2. Now let us consider a CFT. A wave functional $\Psi_{\cal O}(\phi_f,t_f)$ for a local operator $\hat{\cal O}$, or corresponding state $$|{\cal O}\rangle_H~=~\hat{\cal O}(0)| \Omega \rangle_H,\tag{83}$$ is given by $$\begin{align}\Psi_{\cal O}(\phi_f,t_f) ~=~&{}_H\langle \phi_f,t_f|{\cal O} \rangle_H \cr ~\stackrel{(83)}{=}~&{}_H\langle \phi_f,t_f|\hat{\cal O}(0)|\Omega\rangle_H \cr ~\stackrel{(C)}{=}~&\int\!{\cal D}\phi_i~ {}_H\langle \phi_f,t_f|\phi_i,t_i\rangle_H \Psi_{\cal O}(\phi_i,t_i) \cr ~\stackrel{(E)}{=}~&\int\!{\cal D}\phi_i~\Psi_{\cal O}(\phi_i,t_i) \int_{\Phi(\cdot,t_i)=\phi_i}^{\Phi(\cdot,t_f)=\phi_f}\! {\cal D}\Phi~e^{-\frac{1}{\hbar}S[\Phi]}\cr ~=~&\int^{\Phi(\cdot,t_f)=\phi_f}\! \left[\prod_{{\bf r},~ t\leq t_f}d\Phi({\bf r},t)\right]~e^{-\frac{1}{\hbar}S[\Phi]}{\cal O}(0) \cr ~=~&\int^{\Phi(\cdot,t_f)=\phi_f}\! {\cal D}\Phi~e^{-\frac{1}{\hbar}S[\Phi]}{\cal O}(0),\end{align}\tag{F}$$ due to a sewing axiom/completeness relation. In particular, the middle expressions/right-hand sides of eq. (F) are independent of $t_i$, so the limit-process $t_i\to -\infty$ is a constant process, and therefore convergent to that constant.
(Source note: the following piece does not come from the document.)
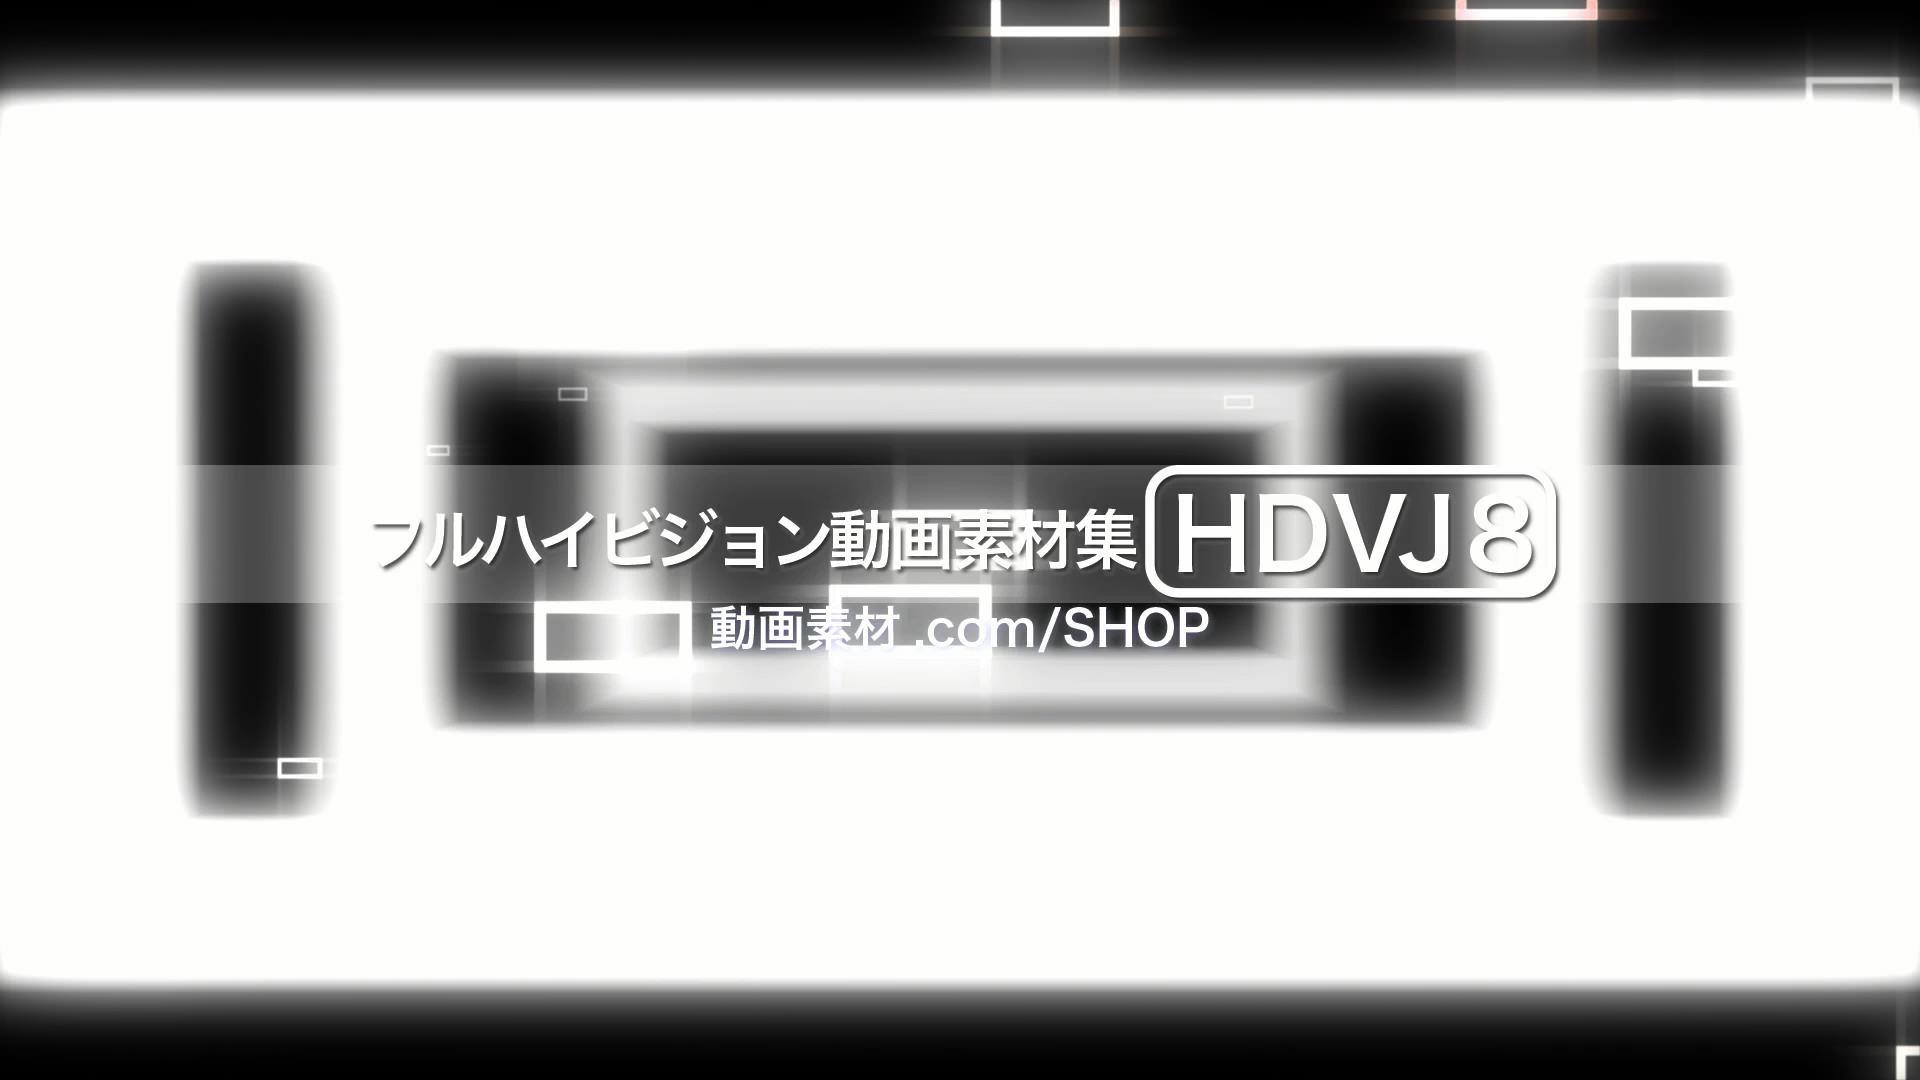 MovieMaterial HDVJ8 フルハイビジョンVJ動画素材集 画像3

   An $n$-point correlator function satisfies $$\begin{align} {}_H\langle\Omega |T\left\{ \hat{\cal O}_1(x_1)\ldots \hat{\cal O}_n(x_n) \right\}|\Omega\rangle_H ~=~&\int\!{\cal D}\Phi~e^{-\frac{1}{\hbar}S[\Phi]} {\cal O}_1(x_1)\ldots {\cal O}_n(x_n)\cr ~=~&\left[ \prod_{b=1}^n \int\!{\cal D}\phi_b~ {}_H\langle \phi_b,R_b |{\cal O}_b\rangle_H \right]\cr &\int_{\Phi|_{\partial B(x_b,R_b)}=\phi_b}\! \left[ \prod_{x\notin\cup_{b=1}^n B(x_b,R_b)} d\Phi(x)\right]~e^{-\frac{1}{\hbar}S[\Phi]}, \end{align}\tag{81}$$ cf. Ref. 2.

See also this & this related Phys.SE posts.

References:

1. D. Tong, Lectures on String Theory; Section 4.6.

2. D. Simmons-Duffin, TASI Lectures on the Conformal Bootstrap, arXiv:1602.07982; Chapter 6.